Medieval tower in Brussels, Belgium

The Black Tower (Tour Noire; Zwarte Toren) is a medieval tower in central Brussels, Belgium. It is one of the best preserved remains of the first fortifications of Brussels, built at the start of the 13th century. It is notable for being a single medieval tower surrounded by modern-day buildings. This odd sight has made it a popular tourist destination.

The Black Tower is located on the Place Sainte-Catherine/Sint-Katelijneplein, behind the Church of St. Catherine, and not far from the Boulevard Anspach/Anspachlaan and the Place de Brouckère/De Brouckèreplein.

==History==
The Black Tower was built in the early 13th century, as part of the first fortifications of Brussels. When the city's second fortifications were built at the end of the 14th century, its original function became obsolete. Historians believe it had by then become private property. This would explain why it survived so many centuries unharmed.

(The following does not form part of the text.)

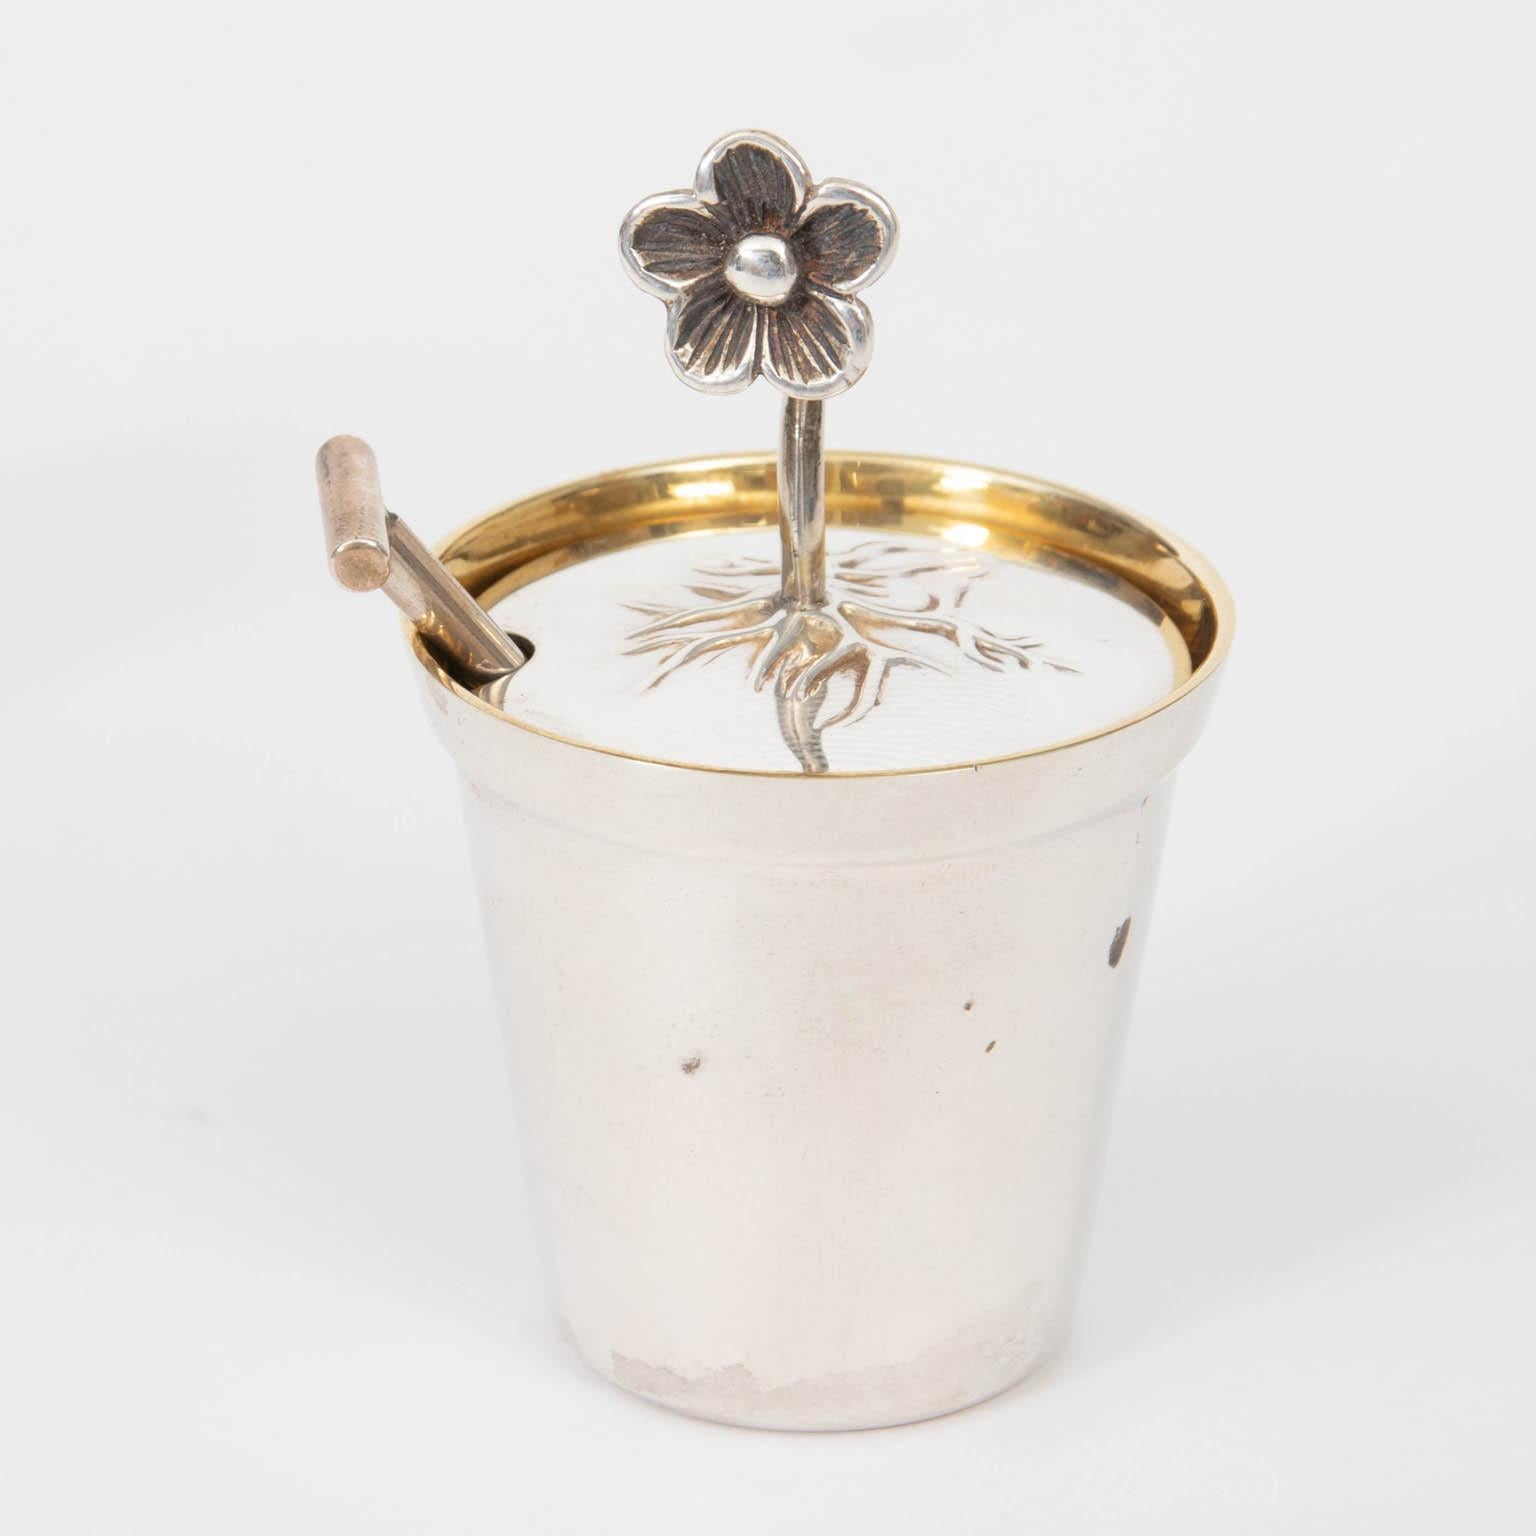 Tiffany & Co. miniature sterling silver watering can and flower pot with spade spoon, circa 20th century. Hallmarked sterling silver. Weight 75.5 Grams. Made in the United States. Please note of wear consistent with age. The bucket measures 1.00

In the 16th century, unlike other sections of the wall, the tower survived the creation of a new dock for the inland port of Brussels, on the site where the Church of St. Catherine is now located. Around the same time, the tower was transformed into a tavern named In the Tower. In 1888, when the entire street was sanitised, the city's then-mayor, Charles Buls, saved the tower from demolition. The architect Victor Jamaer restored the building and reconstructed the gable and the roof, as well as the bent radius. In the 19th century, it was surrounded by a clothing store.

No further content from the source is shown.